My Lords, what worries me is the way we are trying to overload the responsibilities of one particular Minister. I think of the Minister for Intergovernmental Relations. I think it should be the Minister for Inter-Gove-rnmental Relations, because he already looks after housing, communities and levelling up. Let us give him Scotland, Wales and England. It is nonsense. Is it not only overworking somebody who does a good job in many ways but denying the younger and newer generation experience at that level to take over major government responsibilities at some time? What are the Minister and the Government thinking about in this sort of situation?

The Minister with responsibility for civil society is my honourable friend Nigel Huddleston, not my right honourable friend Michael Gove, though, as I say, all Ministers across government work with the third sector in the important work they do. I also point out that responsibility for the voluntary sector and volunteering in the Welsh Government is held by two people who combine that with responsibilities for welfare reform, fuel poverty, fire and rescue services, domestic abuse, youth justice, community safety and much else.
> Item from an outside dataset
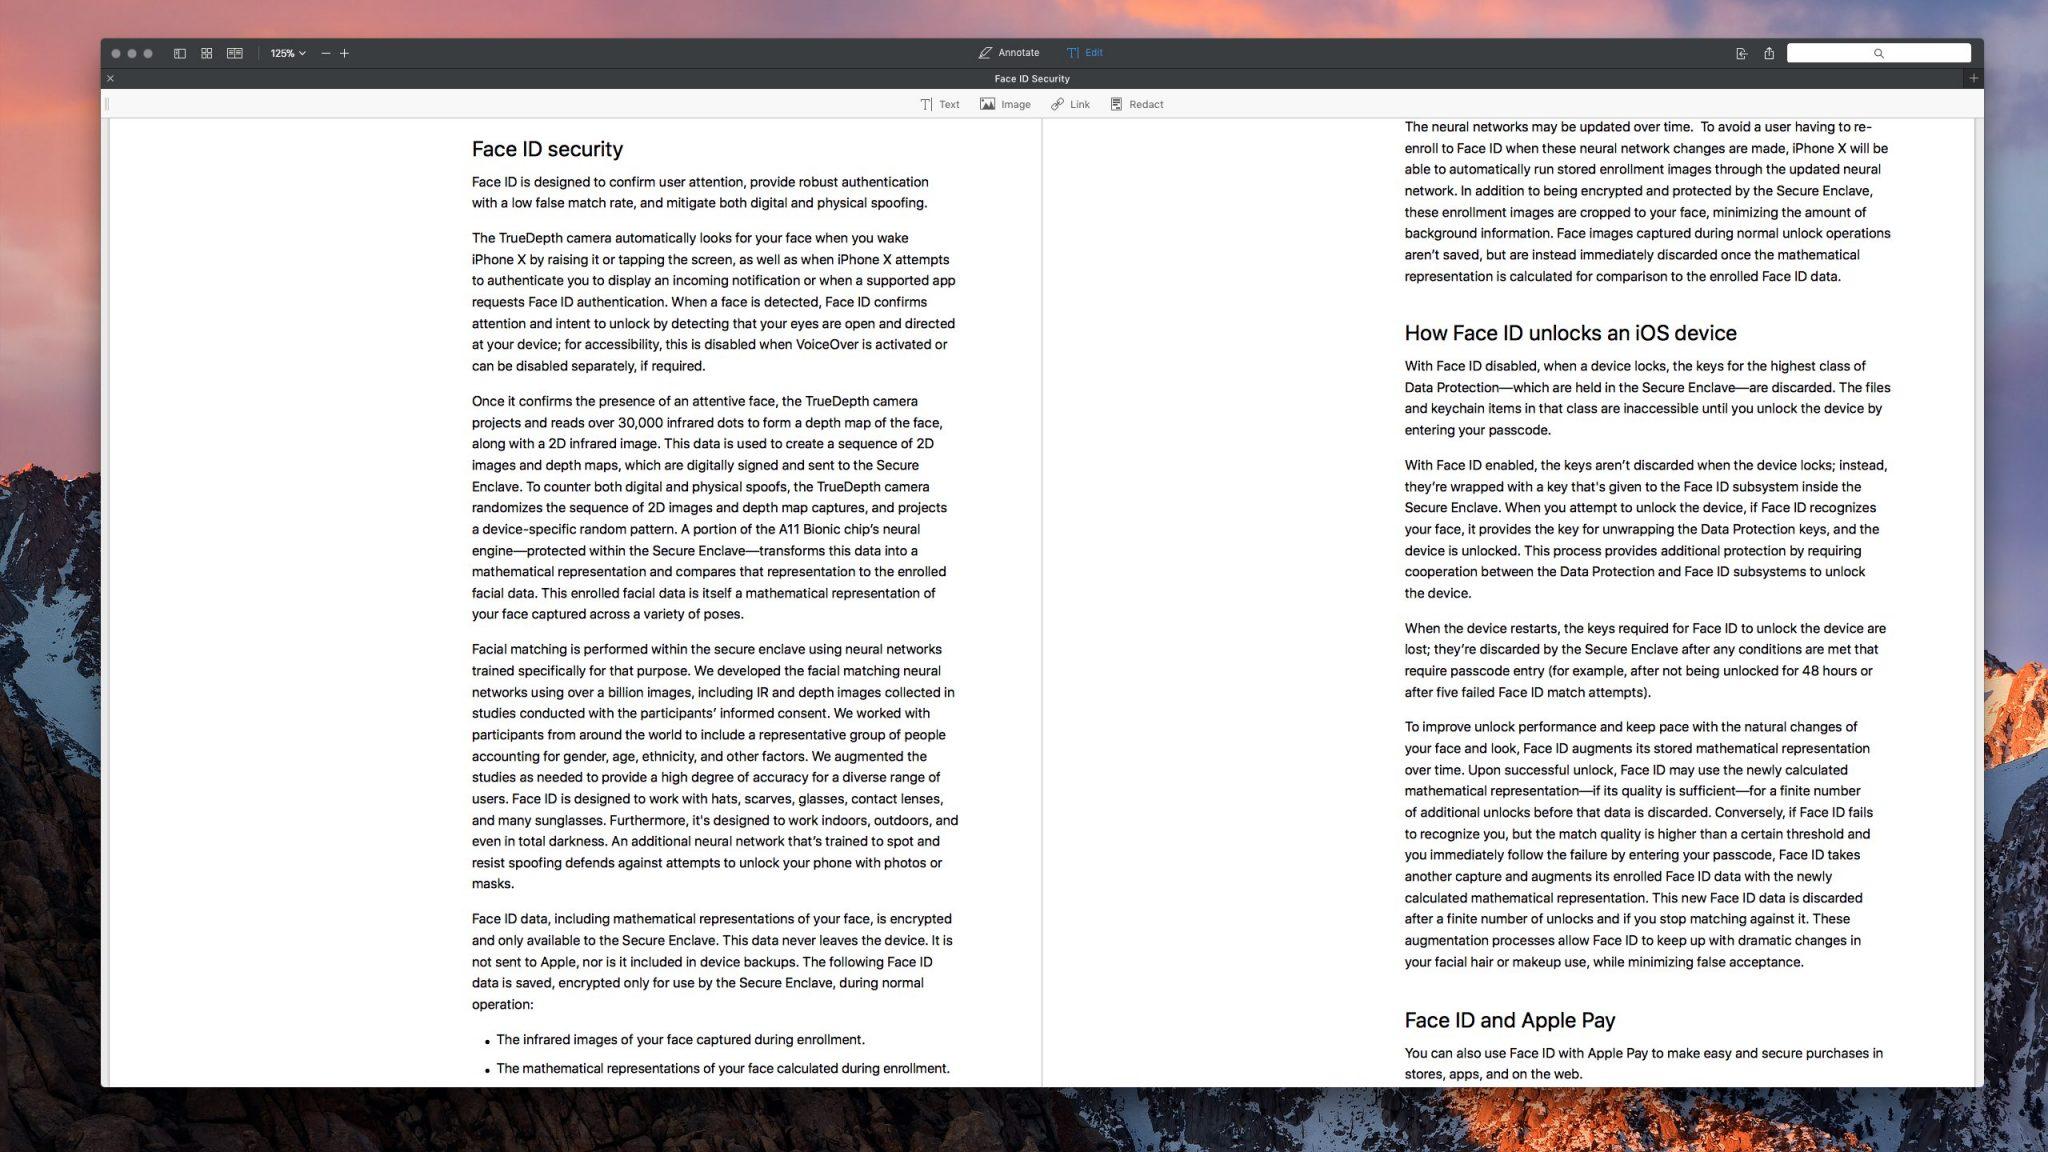 Apple снизила объем заказов деталей для iPhone X
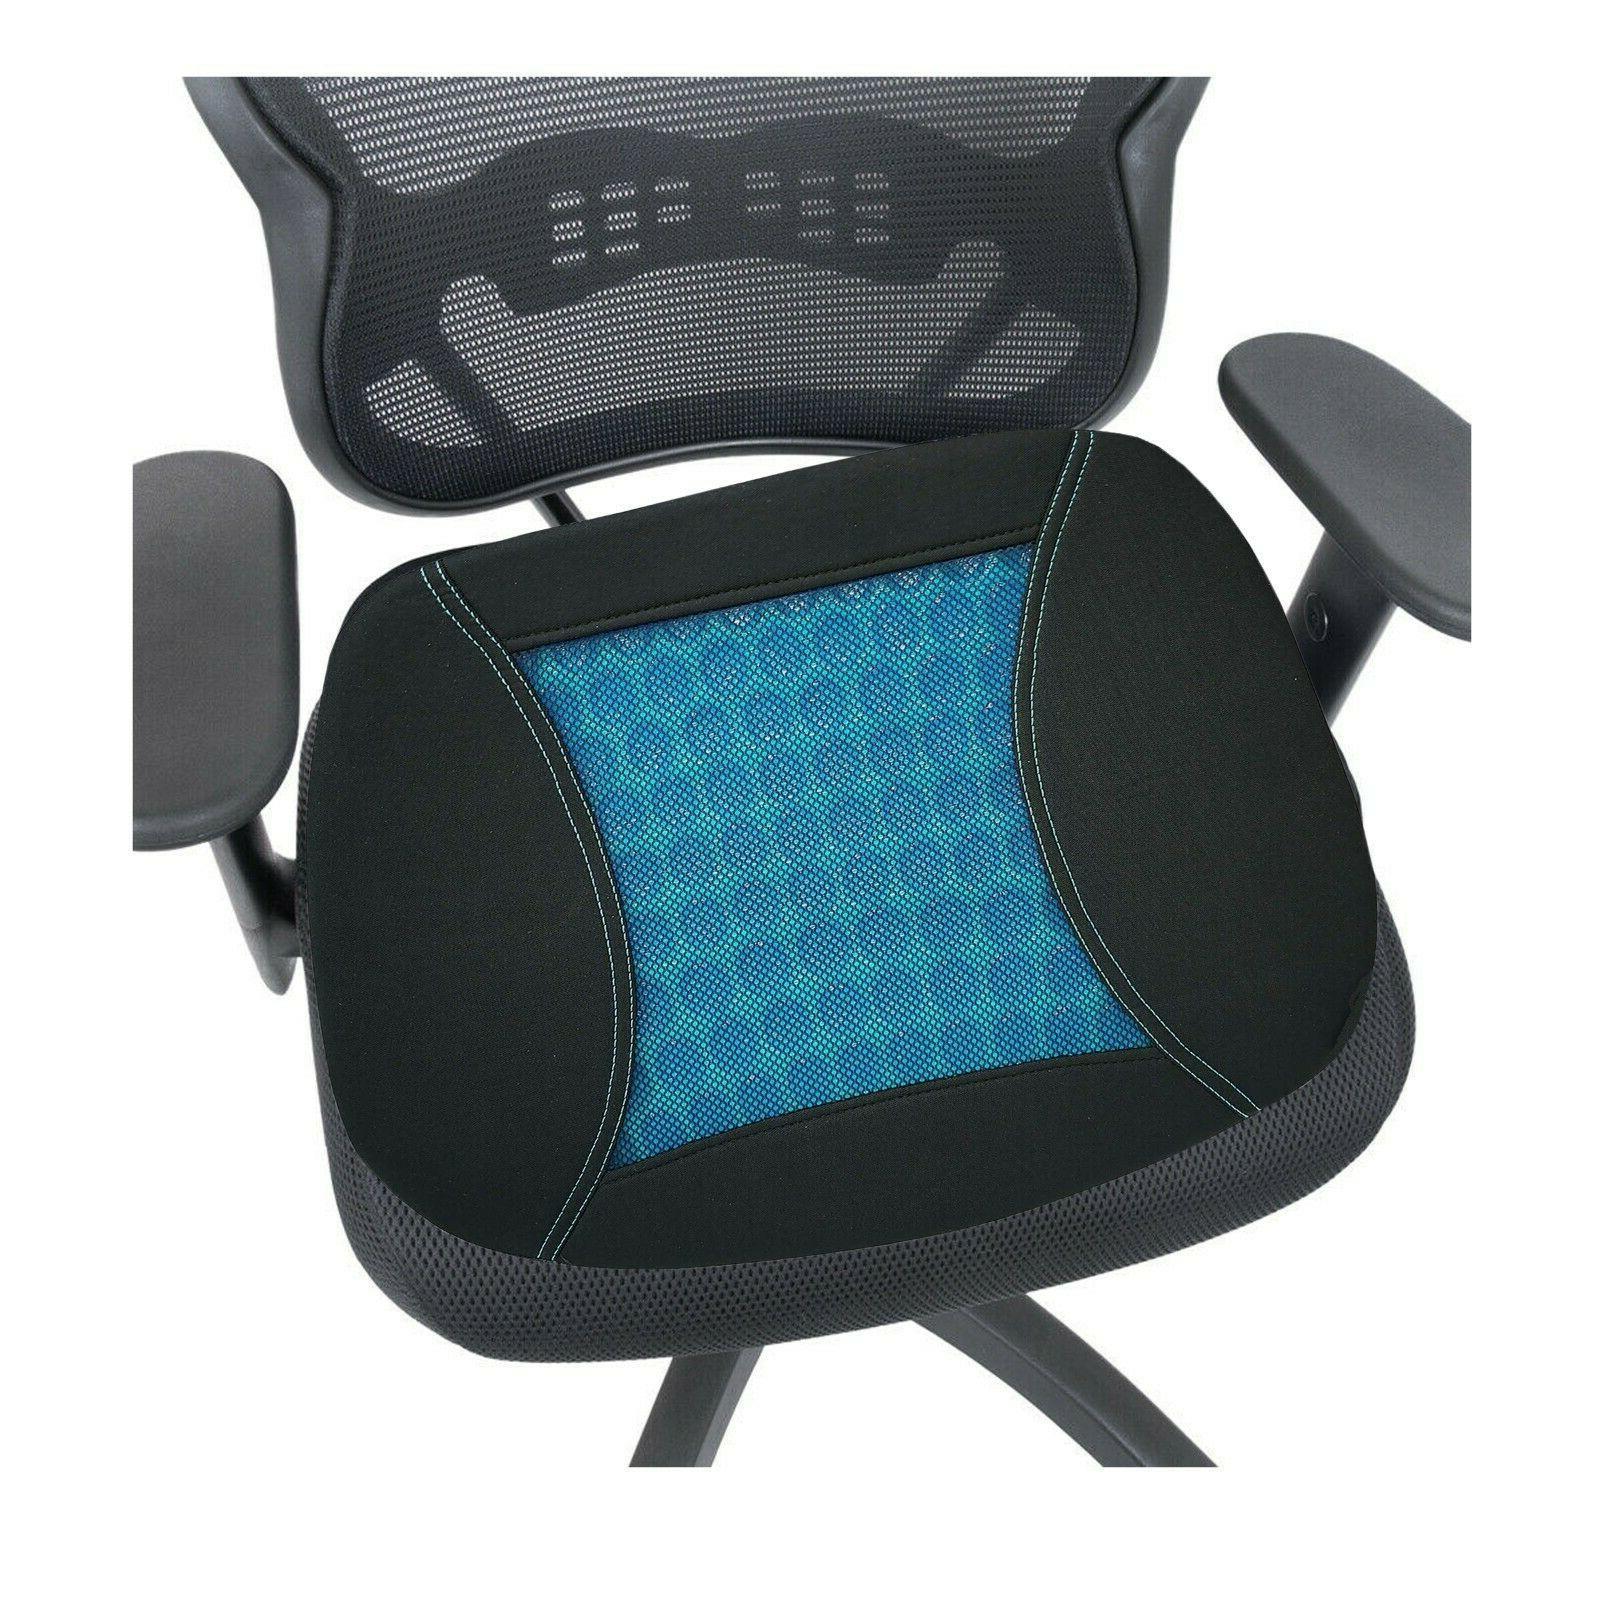 Orthopedic Gel Foam Seat Cushion Office

My Lords, I declare my interests as set out in the register. As has been said, volunteers have always played an incredible role in British life. I think of the Olympics, the Paralympics, the ongoing Covid pandemic and the tireless efforts of millions of everyday people across the country. Does my noble friend agree that more can be done to harness and galvanise the spirit of volunteering by introducing a framework that links a volunteer’s voice within and across national and local government, and a volunteer champion to protect and recognise achievements, to stand up for their views and interests, and to help order the future functioning of volunteering? Will my noble friend therefore consider appointing a commissioner for volunteering to support the sector and give it the status that it so richly deserves?

My Lords, the Government highly value the contribution of volunteers across the whole of society. We witnessed the huge difference they can make during the pandemic, as well as in the examples my noble friend raised. Volunteers are represented in discussions with government by a variety of sector representatives and bodies, but I will take her interesting suggestion back to my honourable friend the Minister and discuss it. I have also pointed to the volunteering futures fund, which the Government have announced to support more people to volunteer and play their important role.